After a grant of immunity from prosecution, Trafficante testified before the HSCA the following day, September 28, and denied the allegation that he told Aleman that "Kennedy was going to be hit." He stated that he was positive that he did not say it because he always spoke to Aleman in Spanish, and said that there was no way to state the phrase in Spanish. Trafficante also stated that he had no recollection of meeting Oswald or Oswald's assassin, Jack Ruby. During his testimony, Trafficante also admitted for the first time that he had worked with the CIA from 1960 to 1961 for an attempt to poison Castro but stated that his role was only as an interpreter between CIA officials and Cuban exiles. He testified that he was brought into the plot by Roselli and Giancana, who had been recruited by Maheu. Trafficante said that he introduced the trio to Cuban exiles in Florida. He stated that he received no payment for his involvement and that he acted out of patriotism.

On January 14, 1992, Trafficante's former attorney, Frank Ragano, told Jack Newfield of the New York Post that he relayed a request from Hoffa to Trafficante and New Orleans boss Carlos Marcello to have Kennedy killed. He repeated the claim two days later on ABC's Good Morning America, in Newfield's Frontline report entitled JFK, Hoffa and Mob broadcast in November 1992, and again in his 1994 autobiography Mob Lawyer. According to Ragano, he met Hoffa at the Teamsters' headquarters in Washington, DC, then delivered the message to Trafficante and Marcello in a meeting at the Royal Orleans Hotel in New Orleans. He stated he was chosen by Hoffa because, as both Hoffa and Trafficante's lawyer, he could be assured of attorney–client privilege.
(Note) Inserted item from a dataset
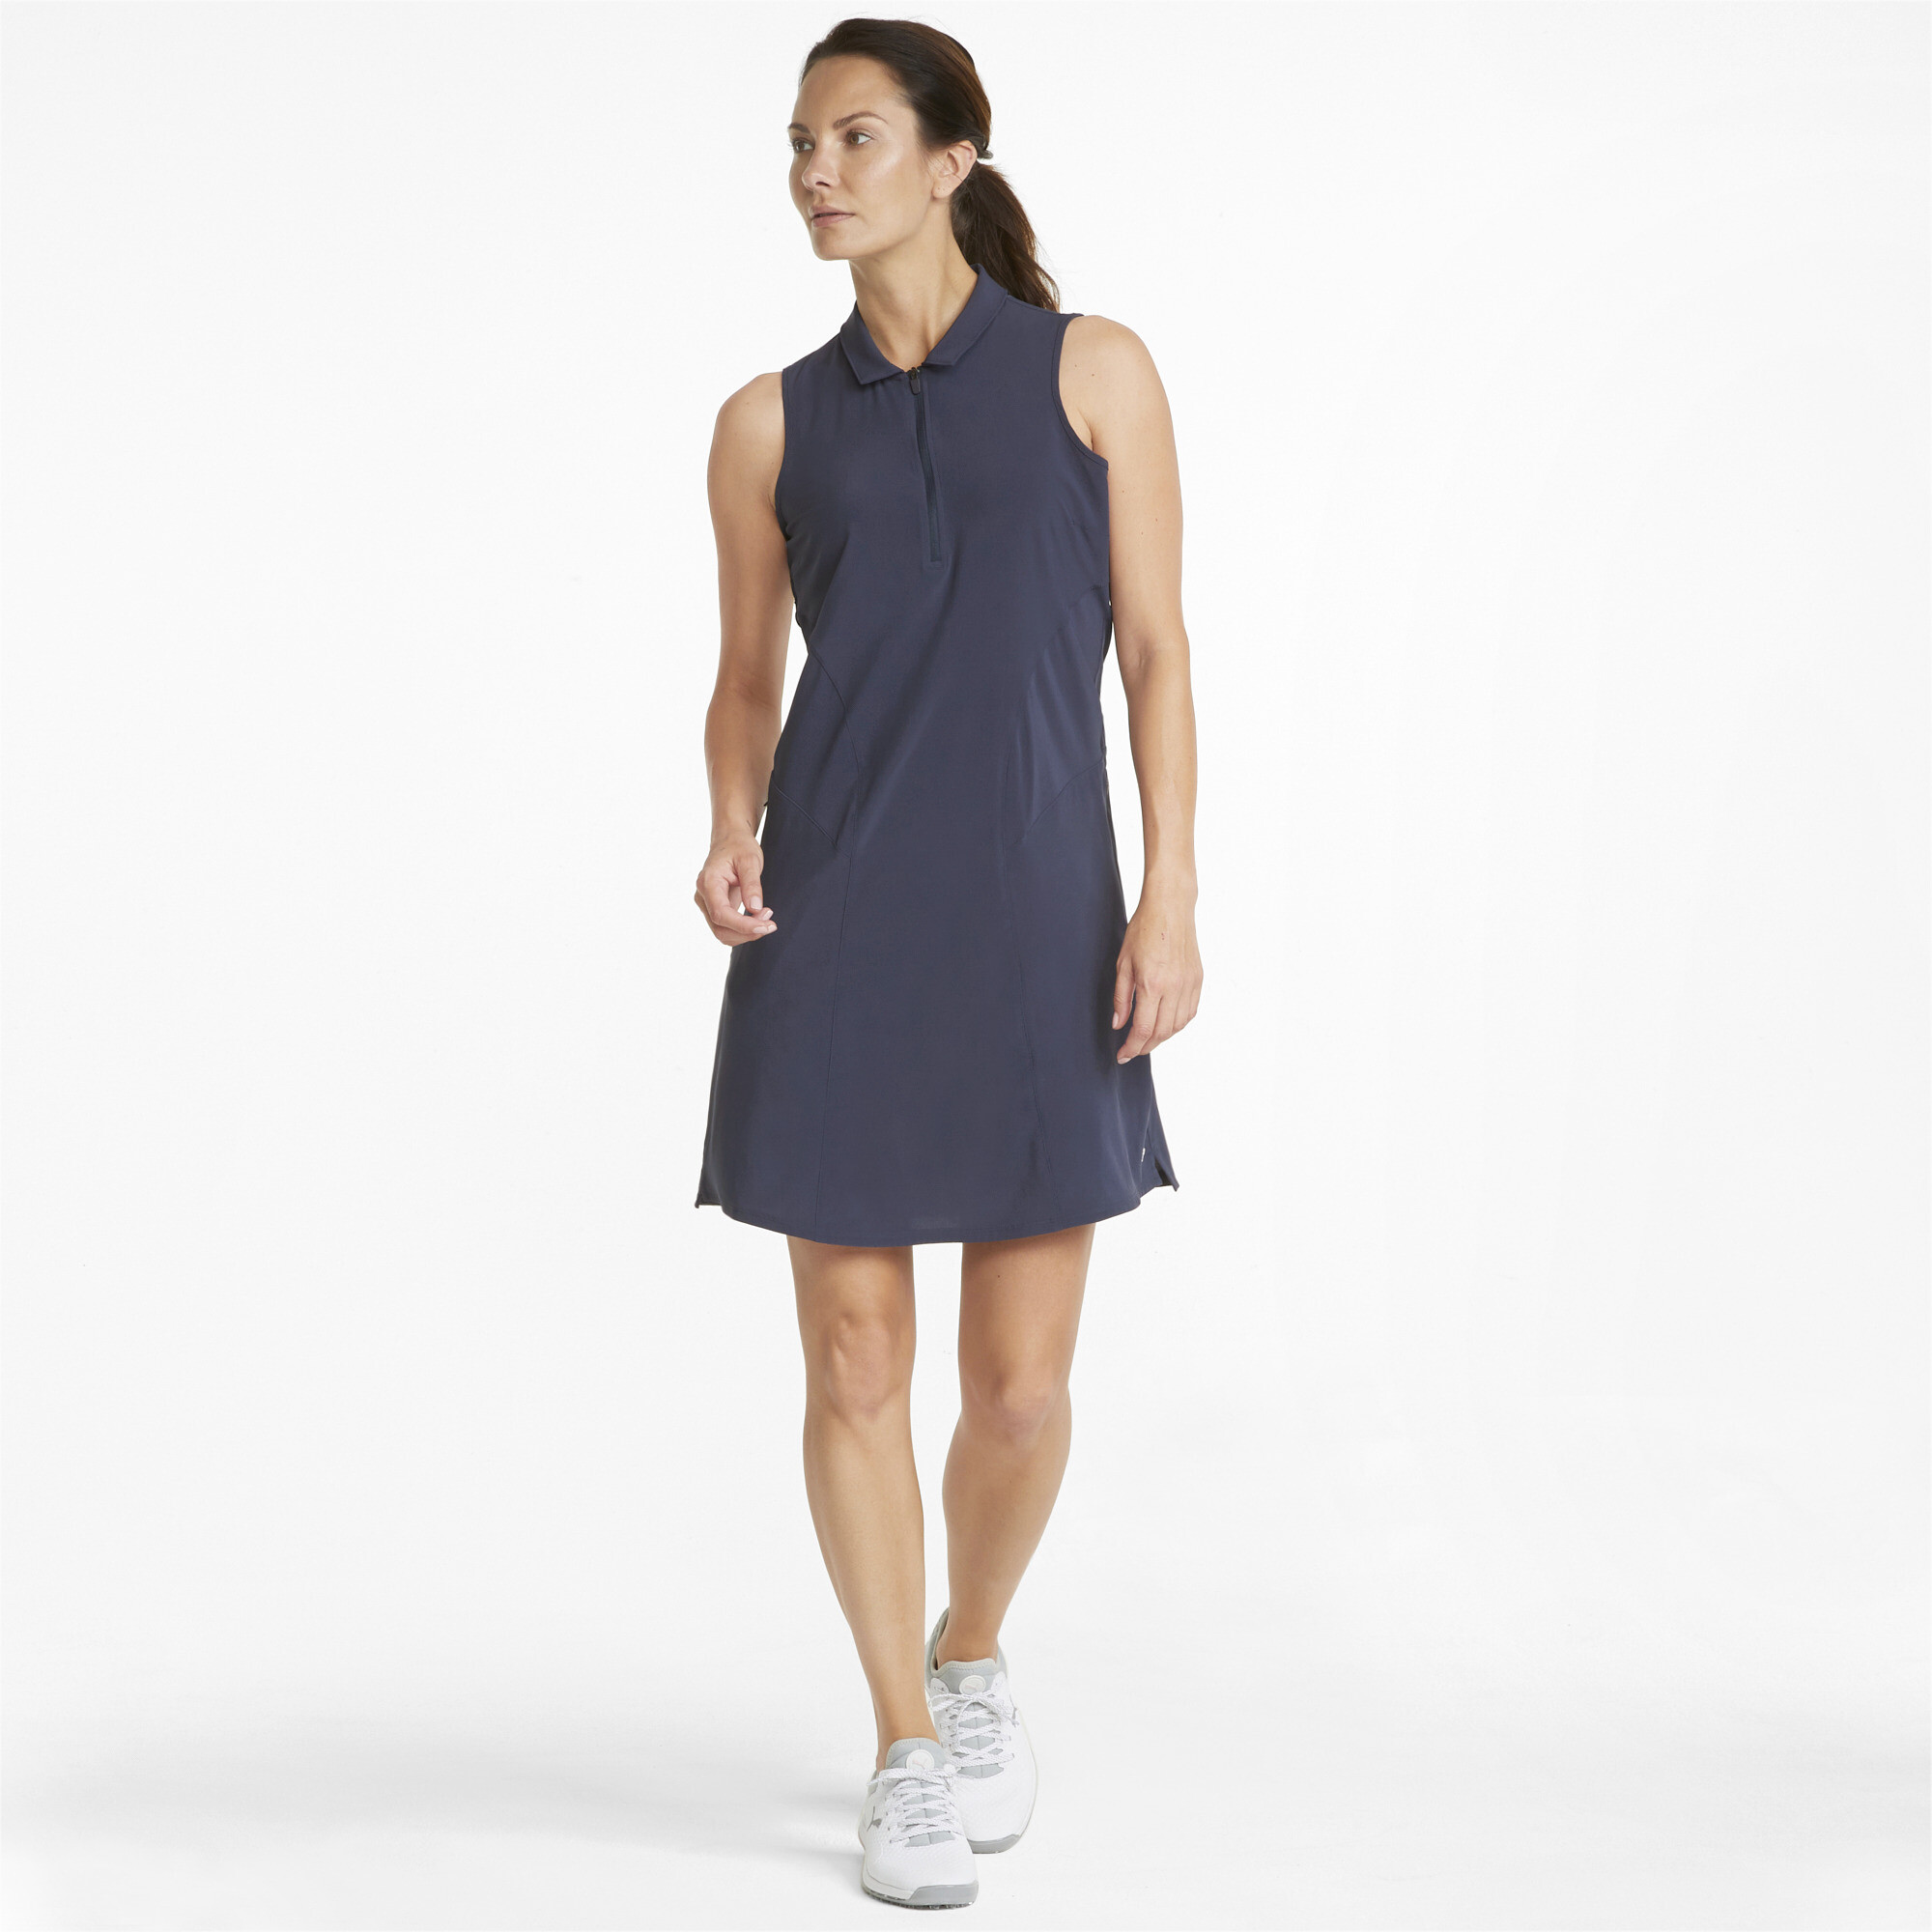 Women's Puma Cruise's Golf Dress, Blue, Size XL, Clothing

Ragano also claimed that Trafficante, four days prior to his death, delivered a deathbed confession which suggested that Marcello was meant to assassinate Robert F. Kennedy instead of his brother, the President. He claimed three witnesses could support his statement that he met Trafficante in Tampa, but refused to name them, adding: "One guy is afraid of retaliation. The other guys are two doctors, who say they'll testify if they're summoned to court." In his book Reclaiming History: The Assassination of President John F. Kennedy, Vincent Bugliosi has claimed there to be many flaws in Ragano's claims, including his own claim that Trafficante was most likely not in Tampa on the day in question, but was rather in North Miami Beach, Florida, receiving dialysis treatments.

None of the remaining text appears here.